Collected data:
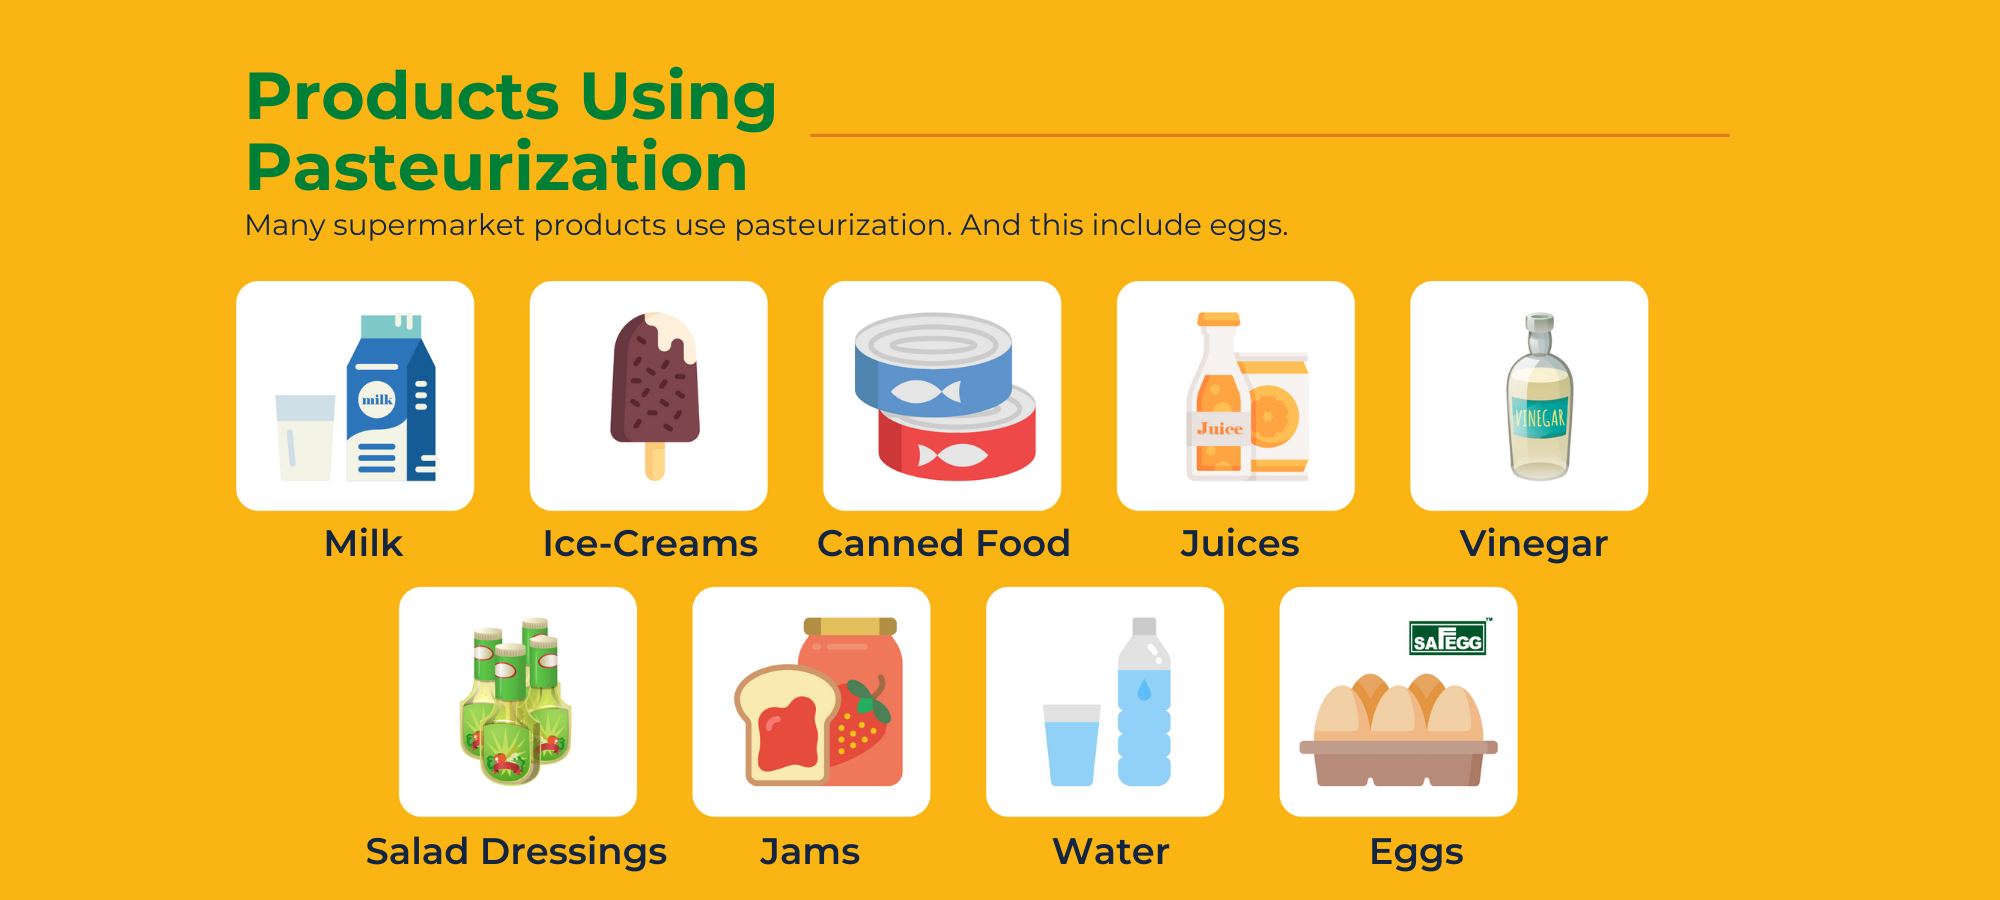 Products Using Pasteurization
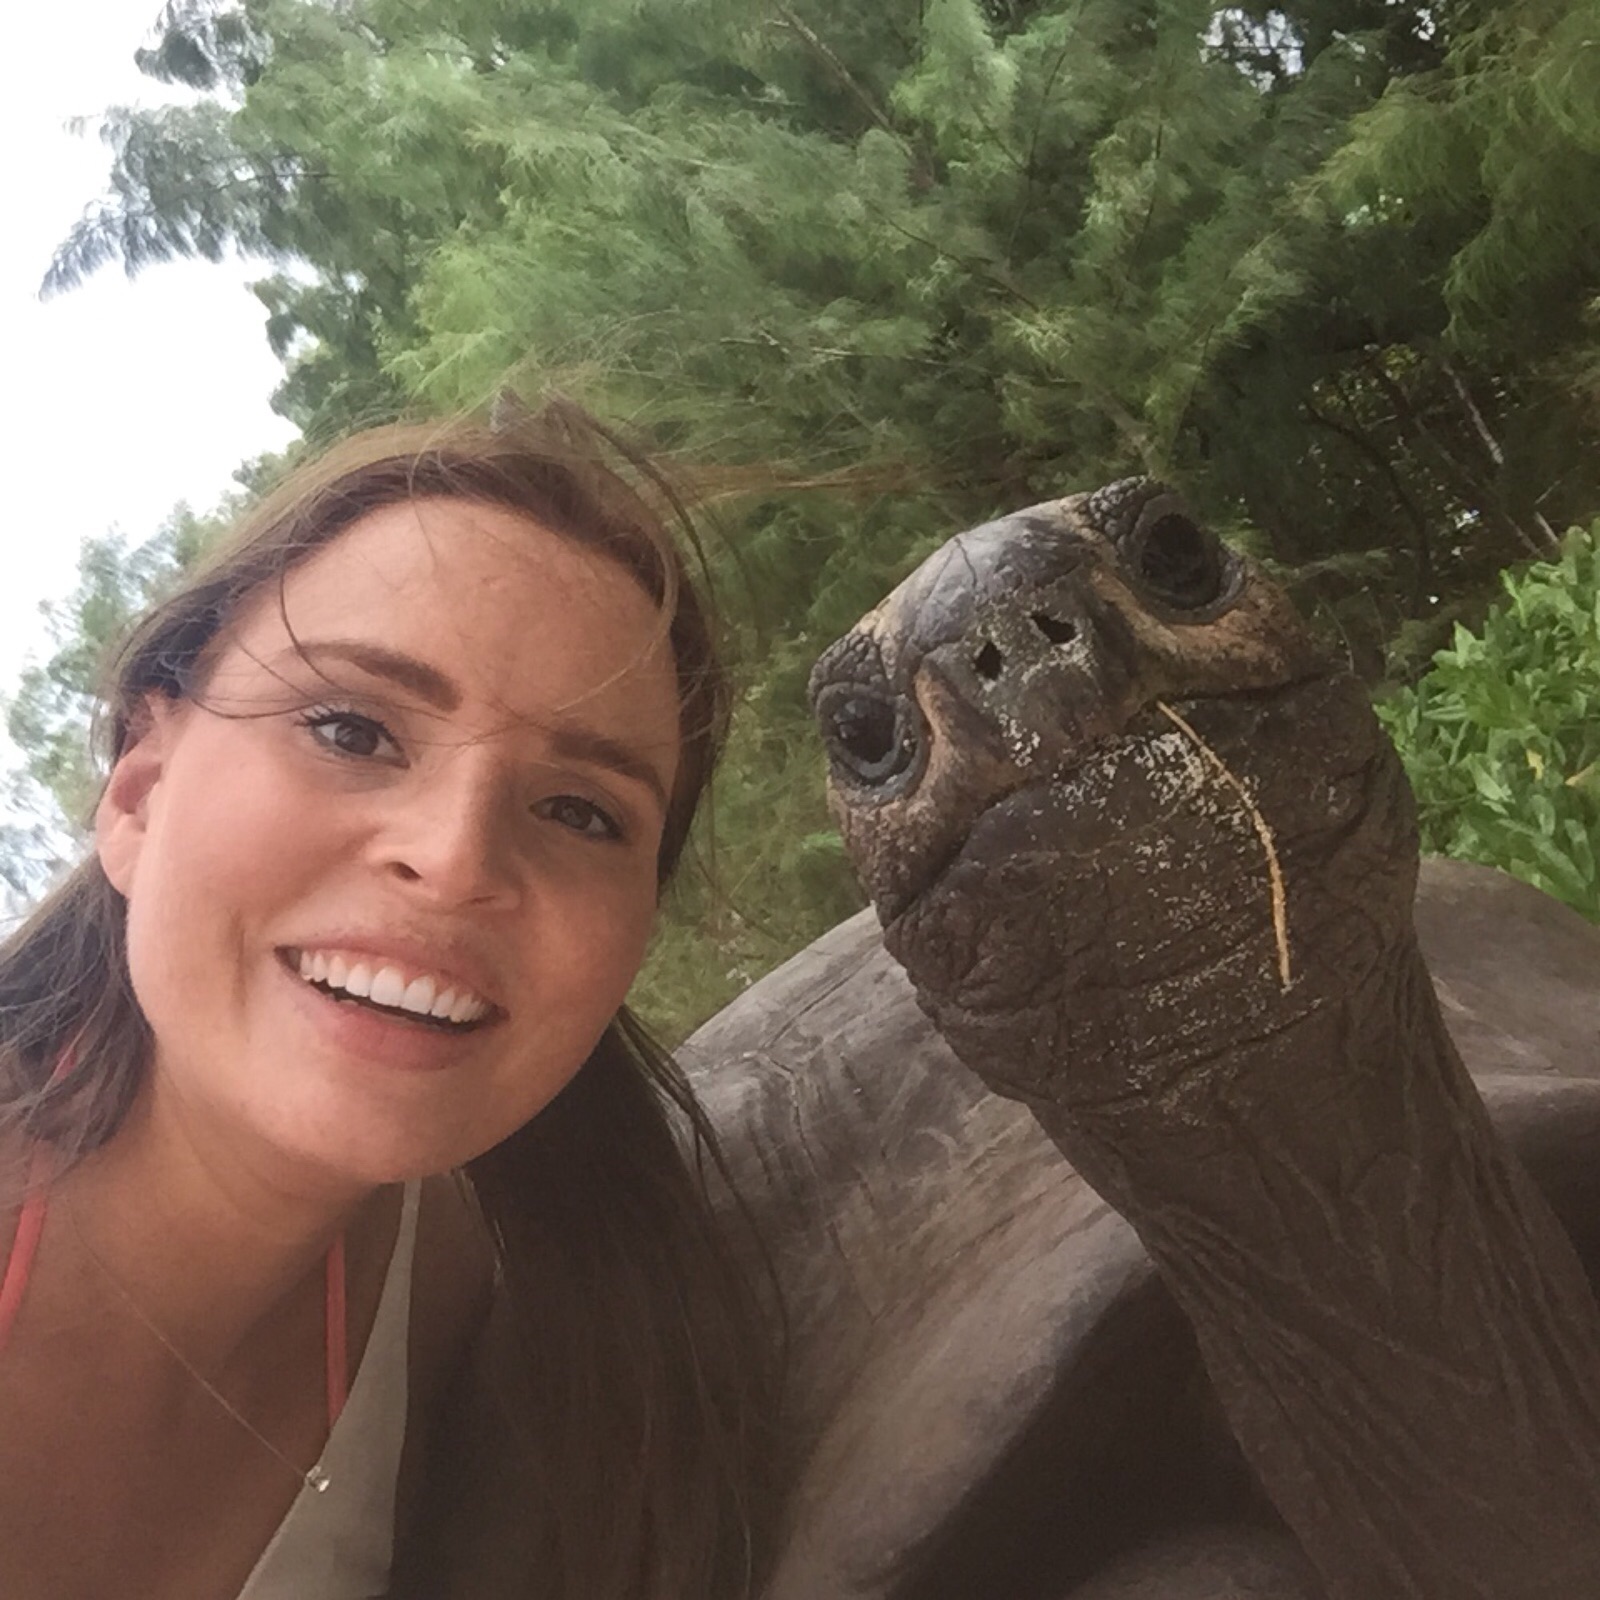 selfie with turtle
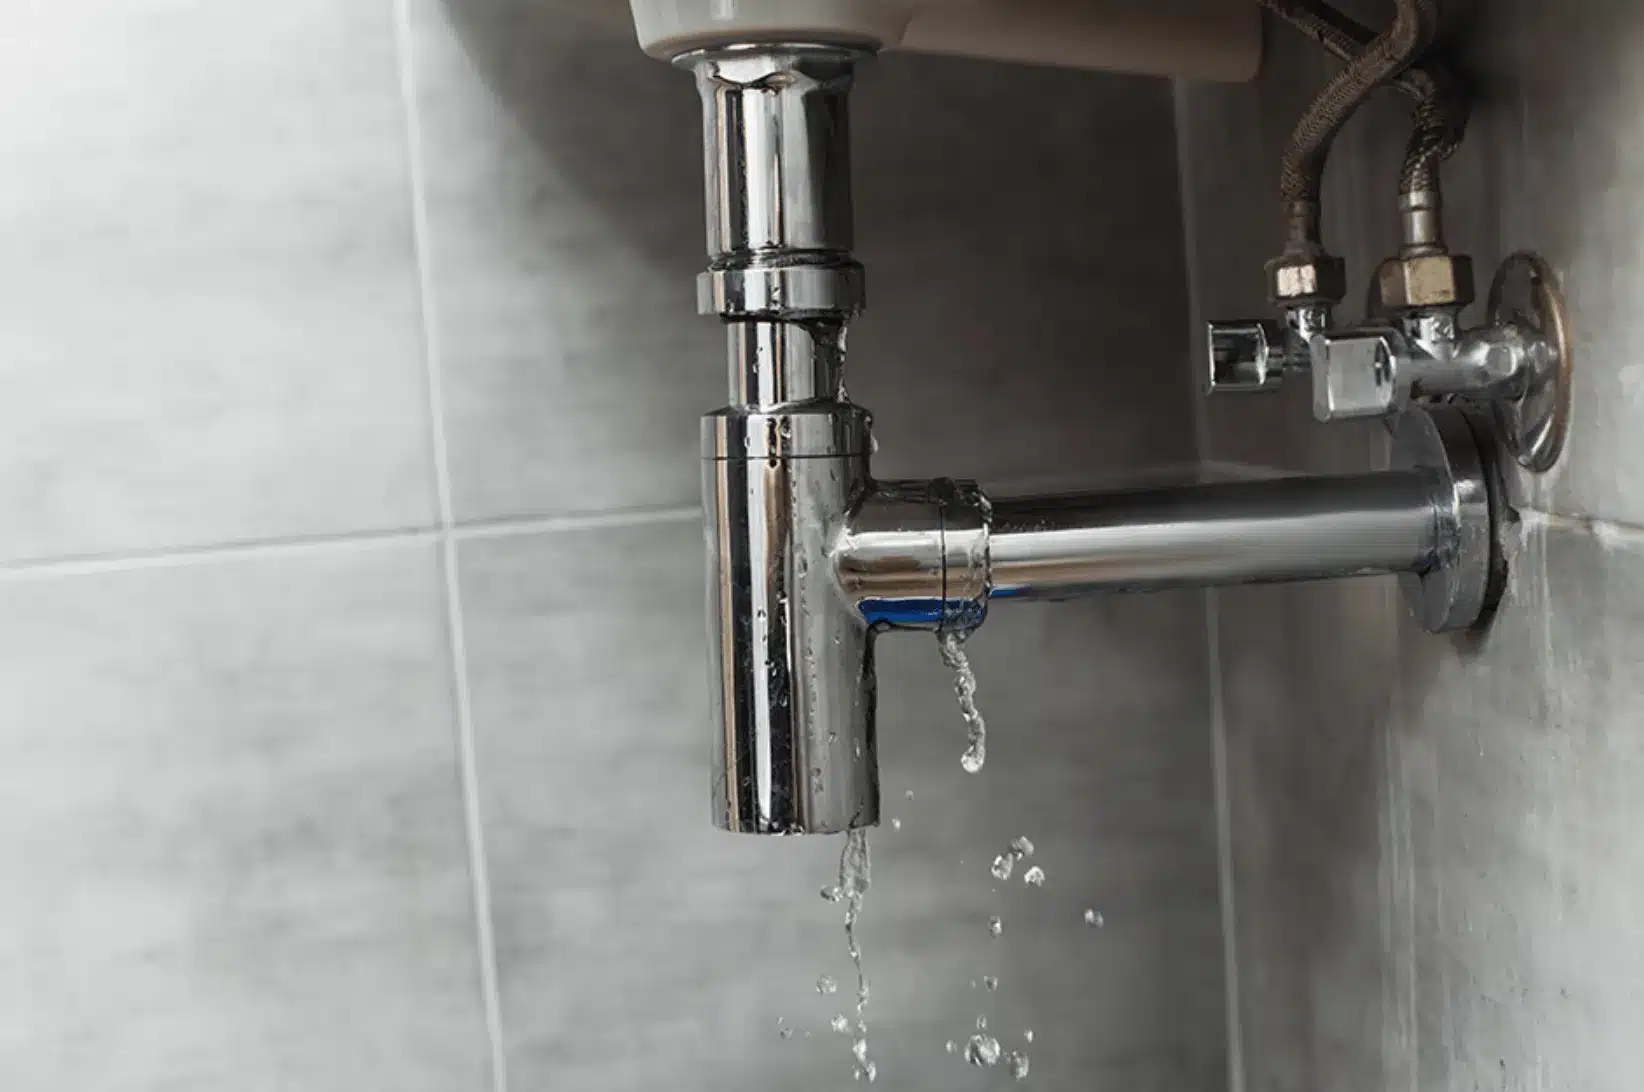 Leak Detection Services in Austin, TX - Plumbing Outfitters

Problem statement: Word for word, retype the lines from the one with "selfie with turtle" through the final line of the data, both included. No pictures belong in the copy.

Solution to this problem:
 selfie with turtle
 Leak Detection Services in Austin, TX - Plumbing Outfitters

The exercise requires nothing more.